You are viewing a plain text version of this content. The canonical link for it is here.
Posted to dev@mesos.apache.org by Joseph Wu <jo...@mesosphere.io> on 2015/10/23 23:33:14 UTC

[Breaking bug fix] Binary in state endpoints

Hello,

The state endpoints, on master and agent, currently serialize two binary
data fields in the ExecutorInfo and TaskInfo objects.  These fields are set
by frameworks; and Mesos does not inspect their values.

The data fields can be found in the state JSON blobs:
/master/state -> frameworks[*].executors[*].data
/slave/state ->
frameworks[*].(executors|completed_executors)[*].(tasks|queued_tasks|completed_tasks)[*].data

*Problem:*
The state endpoints are JSON-ified in a non-standard way (i.e. not via our
normal Protobuf-to-json methods).  When we serialize the binary "data"
fields, the binary is dumped as a string, as is.  The resulting JSON may
not be valid if the binary data includes random bytes (i.e. not unicode).
Most JSON parsers will error on the state endpoints in this case.

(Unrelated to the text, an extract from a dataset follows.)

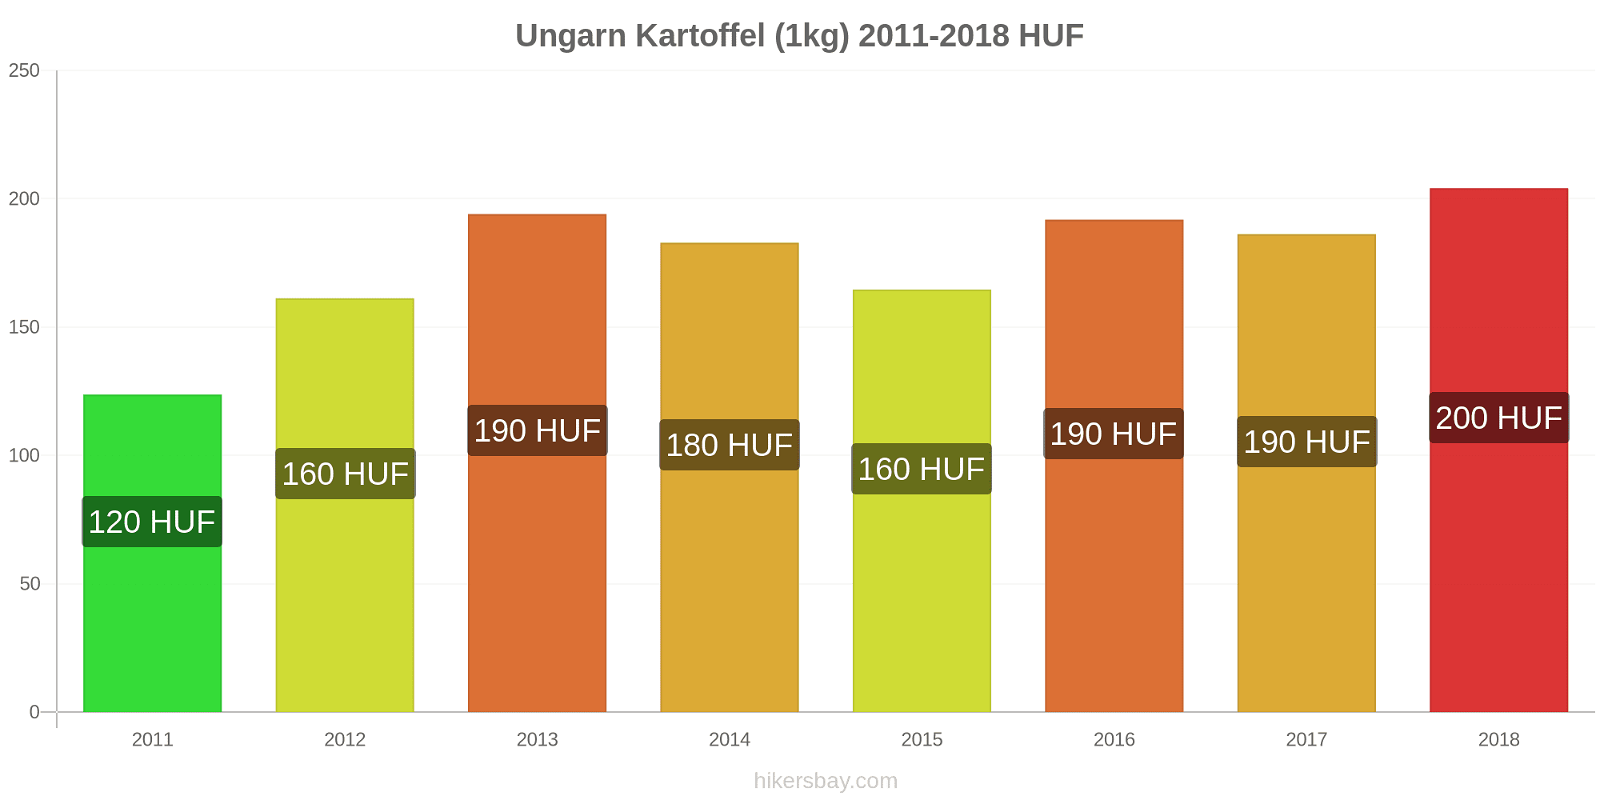 Ungarn prisændringer Kartoffel (1kg) hikersbay.com

*Proposed solution *(and breaking change)*:*
Simple -- remove the "data" fields from the state endpoints.  (And only
from the state endpoints.  The ExecutorInfo and TaskInfo objects will not
change.)

*Question:*
We believe that frameworks/tools do not rely on retrieving the "data"
fields from the state endpoints.

Is there any framework/tool that retrieves the "data" field from the state
endpoints?
And if so, is it critical to how the framework/tool works?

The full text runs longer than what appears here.